On the surface it may look good. You can imagine being young and even in college. You can afford to dress well, travel and drive a decent car. You have discretionary income to do what you want. You can eat out, go out and entertain yourself well. You may have even been put up in an apartment for the convenience of your sponsor. However in life I have learnt that nothing is for free. Everything comes at a cost. Even though it may seem good you are in fact getting a very raw deal. Something is slowly and unnoticeably been stolen away from you. You may be watching another person in the same college. They survive on the allowances they get and maybe even sell sandwiches to get some extra money. They can’t go out to the places you do and don’t get to go to Dubai on holiday. They save for a full year to afford the bus ticket to the Coast. You feel sorry for them because you think your sponsor is the escape from all that. However they are rapidly gaining the same thing you are losing. Confidence in your own God given ability to make life work for you and ability to cherish and celebrate the journey. No amount of money can buy this. No brand of clothes or car can create this for you. No holiday can override the insecurity that comes with knowing that your next holiday depends on somebody else to grant it. Meanwhile the kid who sold sandwiches learns to make their first ten, then twenty then thirty thousand shillings by themselves. They learn to sell and communicate. That confidence gives them an edge when they go and look for a job. There is fulfillment in taking that bus to the Coast because it is just the first step of the many things that they can do. If you buy into being sponsored you are buying into dependency. I have seen people who got into this way of life in their twenties and have never been able to shake it off even in their forties. Things will look good on the surface but you will suffer the discontentment that comes from not watering the seed that you came into this world with. There is nobody who does not want to discover and fulfill his or her potential.

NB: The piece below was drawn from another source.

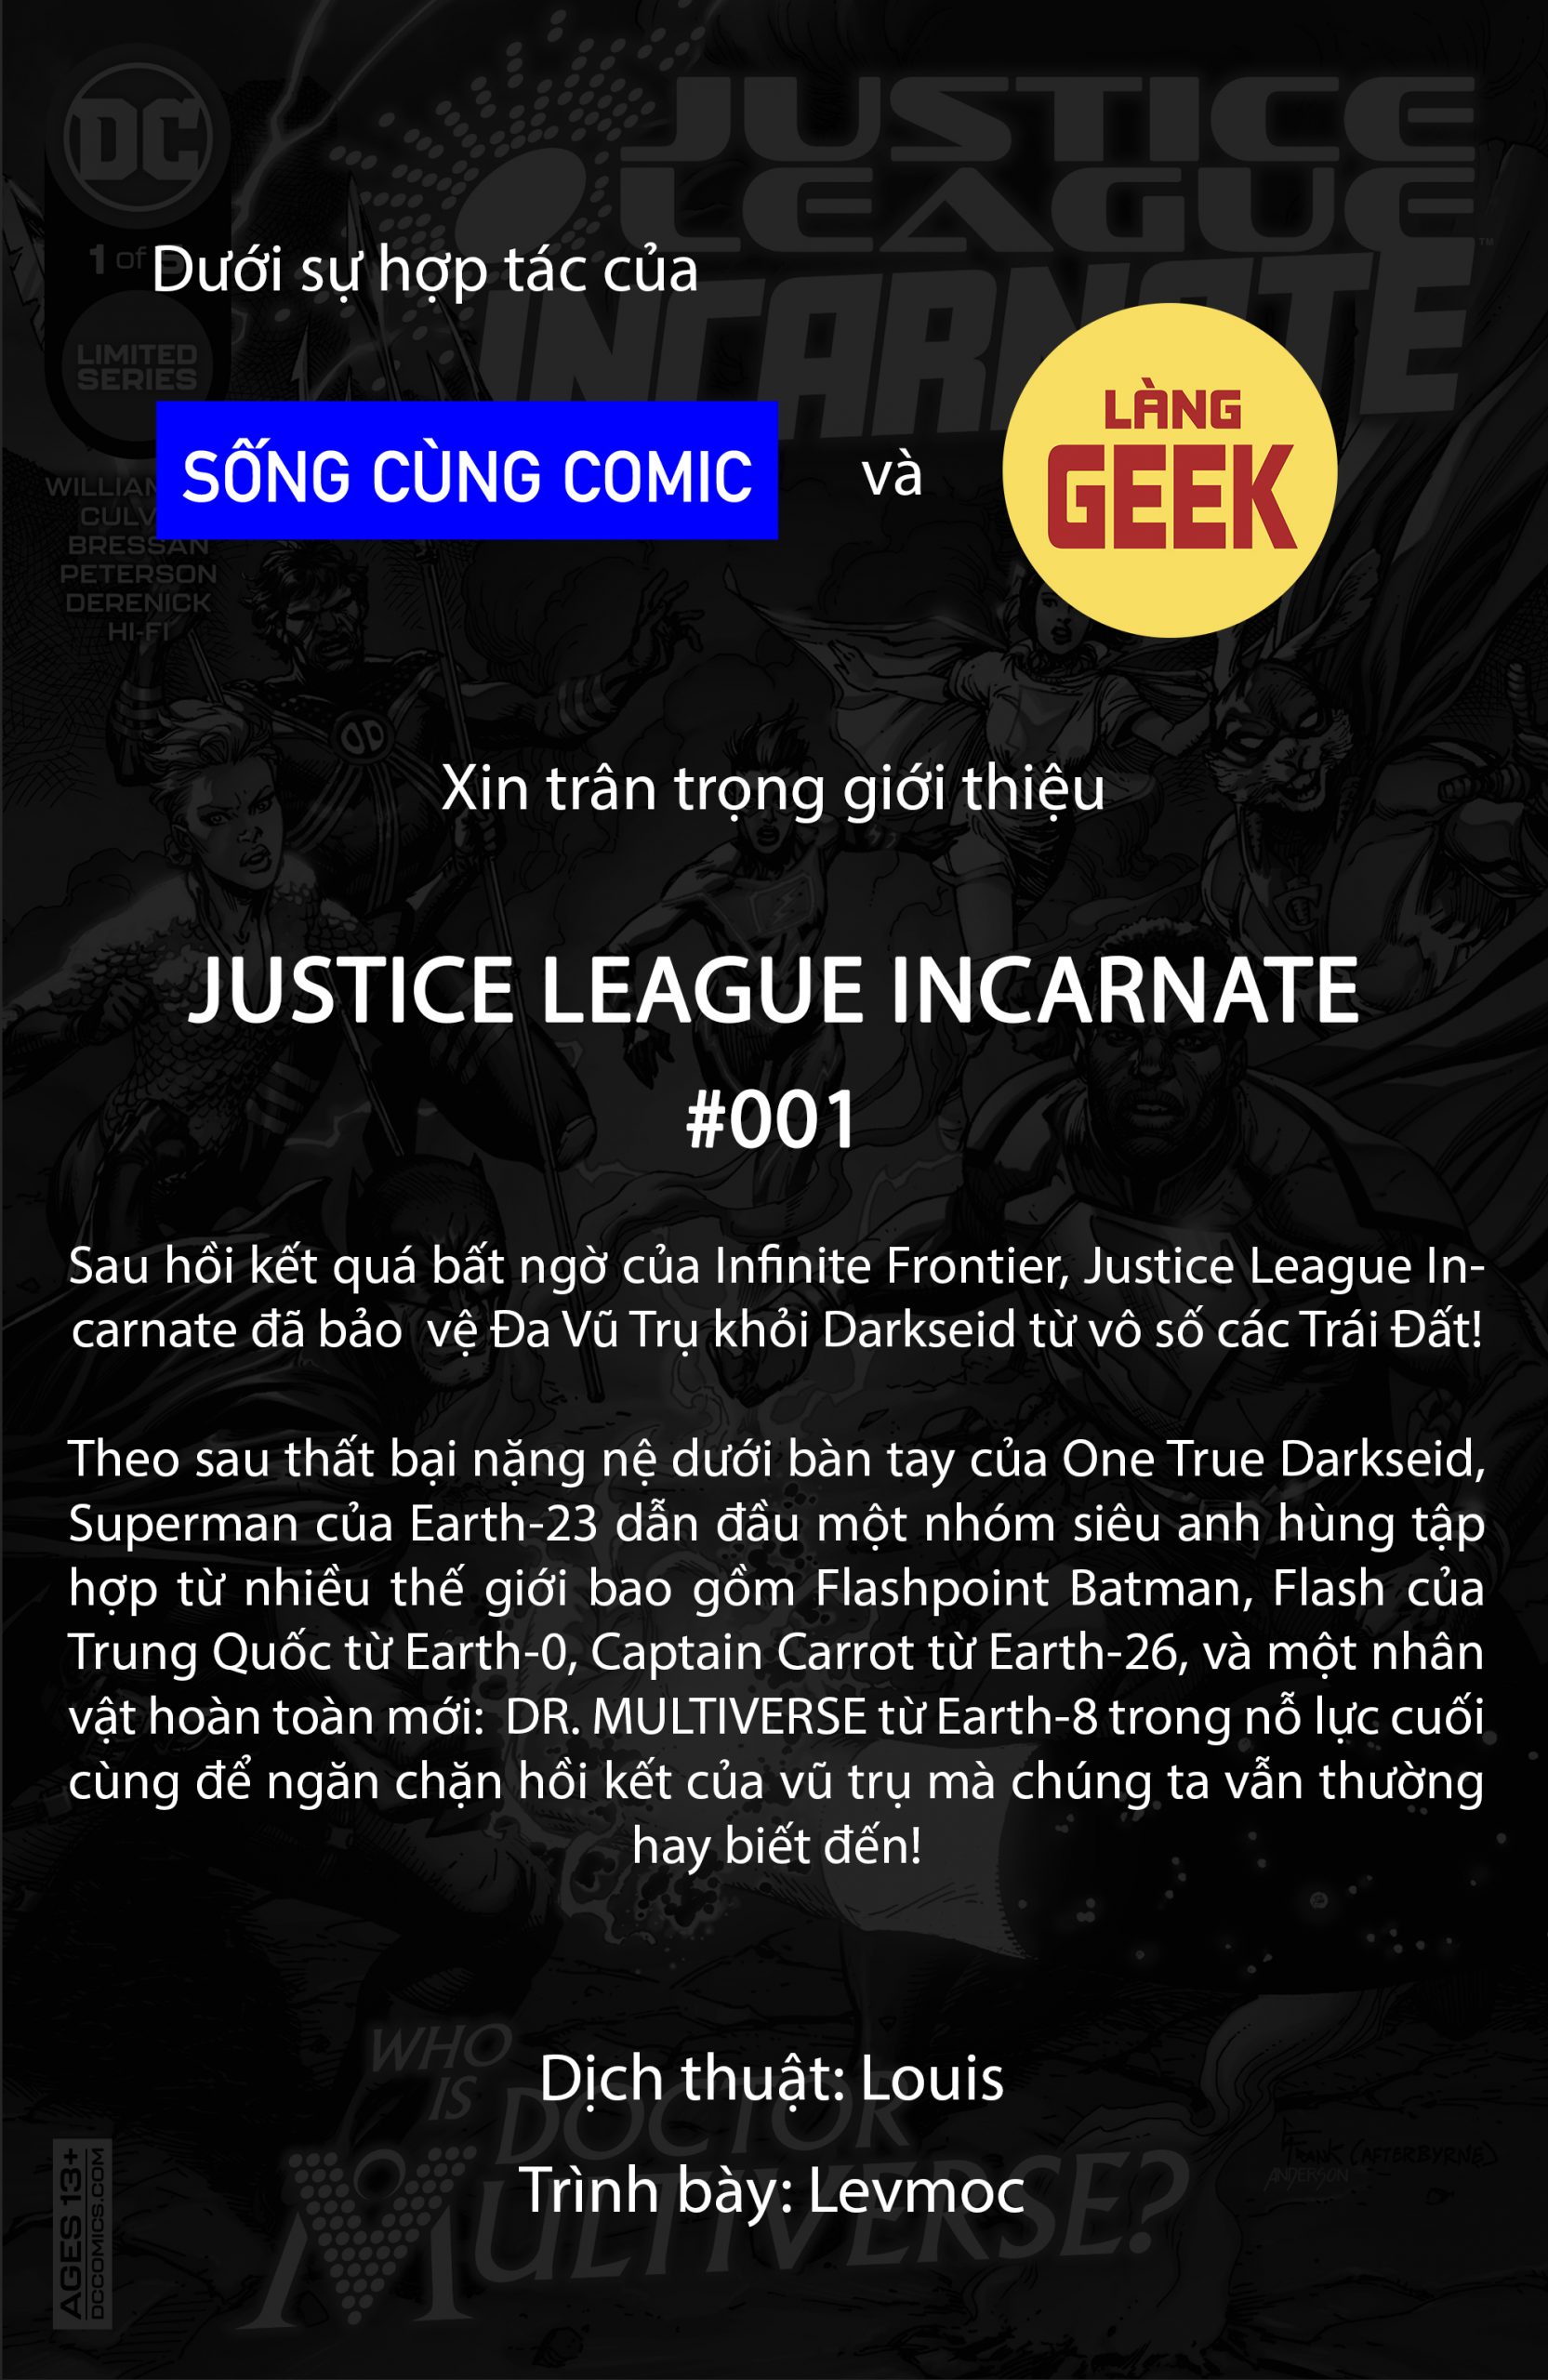 https://langgeek.net/wp-content/uploads/2021/12/Justice-League-Incarnate-2021-001-001-scaled.jpg

As for the sponsor you will have played a part in robbing someone of a part of their life. Helped start or continue a cycle that they may never break. But the sponsor also loses something. As we said everything comes at a cost. I have given some talks where people have told me that a line item in the budget should be this “sponsoree”. So obviously it’s expensive. But after talking to various people, over time the problem is deeper than that or just the immediate gratification that comes from this relationship. It’s the temporary validation that comes with someone requiring or needing something from you. The danger however is that this ‘need’ starts to define you. The more you feel needed the better you feel about yourself (and you ignore the things about yourself you know you need to be working on). When you don’t feel needed you are back to being insecure. People who have been honest with me, say it does not feel great to know that the only reason people are with you is what you can give them rather than who you are. It can be masked but that unsettled feeing is always there. If the young man I mentioned above starts life out by being a sponsor that’s what he will know. For people to like him it means he must spend more money and buy more things. There are people who are always upgrading cars for the same reason. No matter how much money they have, sponsors are not people living life on their own terms. Other people’s opinions, whether it’s through need or admiration, have become the drug. The motivation. That’s not freedom. That’s slavery camouflaged in designer clothes. This same drug is the one that literally ensures that most do not become truly wealthy. Think about it if you are busy spending money on other people you won’t have time how to figure out how to make money work for you. If you are busy pleasing other people you don’t have time to figure out what has true meaning to you and pursue that. Then you wonder why your neighbour is happier even if they have less money and no sponsorship burdens.

Don’t do sponsorship. Don’t do being sponsored. You are robbing yourself. There really is benefit in delayed gratification. Do you.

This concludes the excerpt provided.